If your main concern is ease of use then Victoria Concours may not be for you.

Forgetting the other waxes mentioned in this thread because i dont want to sound biased but Victoria Concours is not the easiest product to apply and remove. Anybody who knows me will know i rate the Vics very highly and its one of only two waxes i own these days but it demands respect when applying and removing.


----------



## 11alan111 (Dec 29, 2011)

The Doctor said:


> If your main concern is ease of use then Victoria Concours may not be for you.
> 
> Forgetting the other waxes mentioned in this thread because i dont want to sound biased but Victoria Concours is not the easiest product to apply and remove. Anybody who knows me will know i rate the Vics very highly and its one of only two waxes i own these days but it demands respect when applying and removing.

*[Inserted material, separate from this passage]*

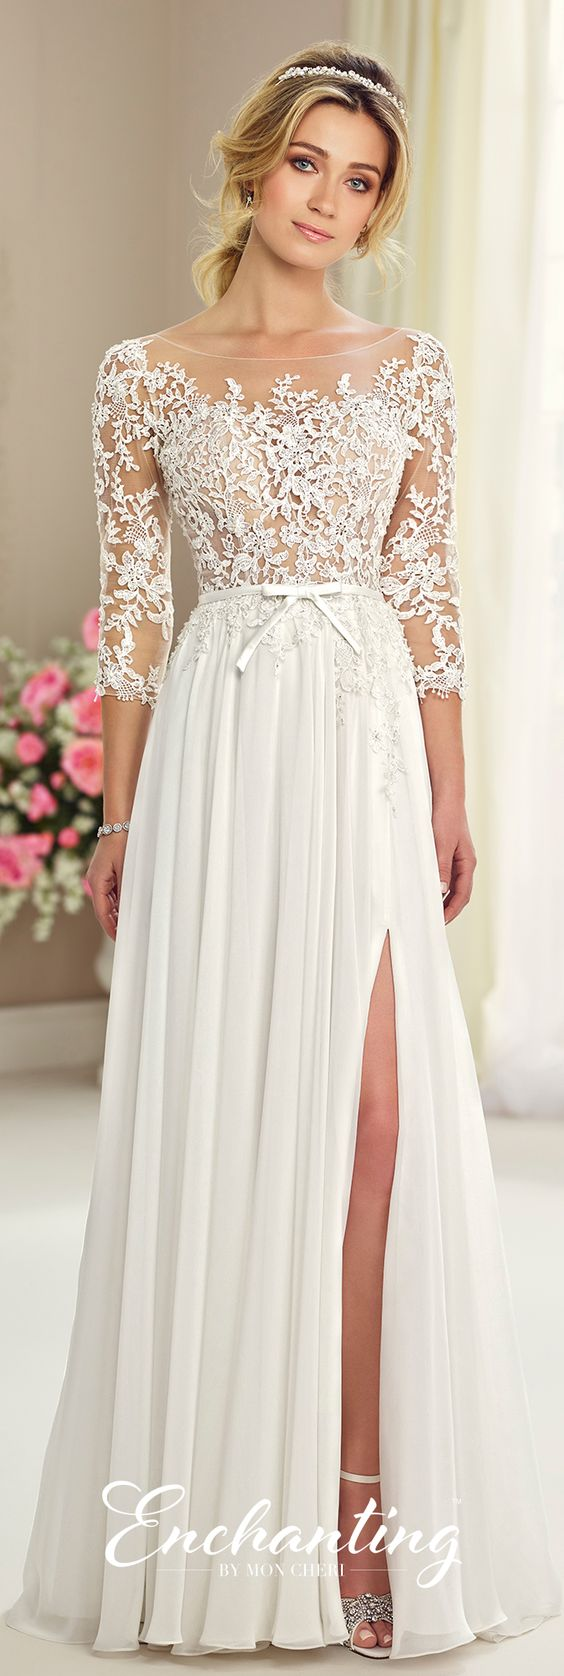 image source: mon cheri bridals

thanks for the heads up that just leaves 2 to choose from now a/s wax or auto glym hd


----------



## rsblue (May 8, 2011)

a/s for ease a/g i think lasts a tad longer and is also easy to use just not as as wax both give similar finish would not pay full retail for hd though


----------



## The Doctor (Sep 11, 2007)

Toss a coin....and then if your like me (indecisive) you can disagree with the coin and go for the opposite :lol:


----------



## rsblue (May 8, 2011)

:lol::lol::lol::lol::lol::lol:


The Doctor said:


> Toss a coin....and then if your like me (indecisive) you can disagree with the coin and go for the opposite :lol:


----------



## J and J (Apr 4, 2010)

This is why I like and always use AS WAX


----------



## dreamtheater (Apr 12, 2010)

I have been using only AS WAX for 10 months over 4 cars. It is a very easy wax to work with. You can put it on thin or thick, leave it for hours and it will buff off easy. Gives a great finish, makes the paint work look glass. Beads great. On my car, I applied 1 layer of WAX Sept 2011, and my car does 2k miles per month and has been washed 5 times since Sept, the roof, bonnet and the top of the doors are still beading great, the tailgate and the bottom of the doors have stopped beading. 

AS WAX is so easy to use you could wax the car every few weeks as it is very easy to work with.


----------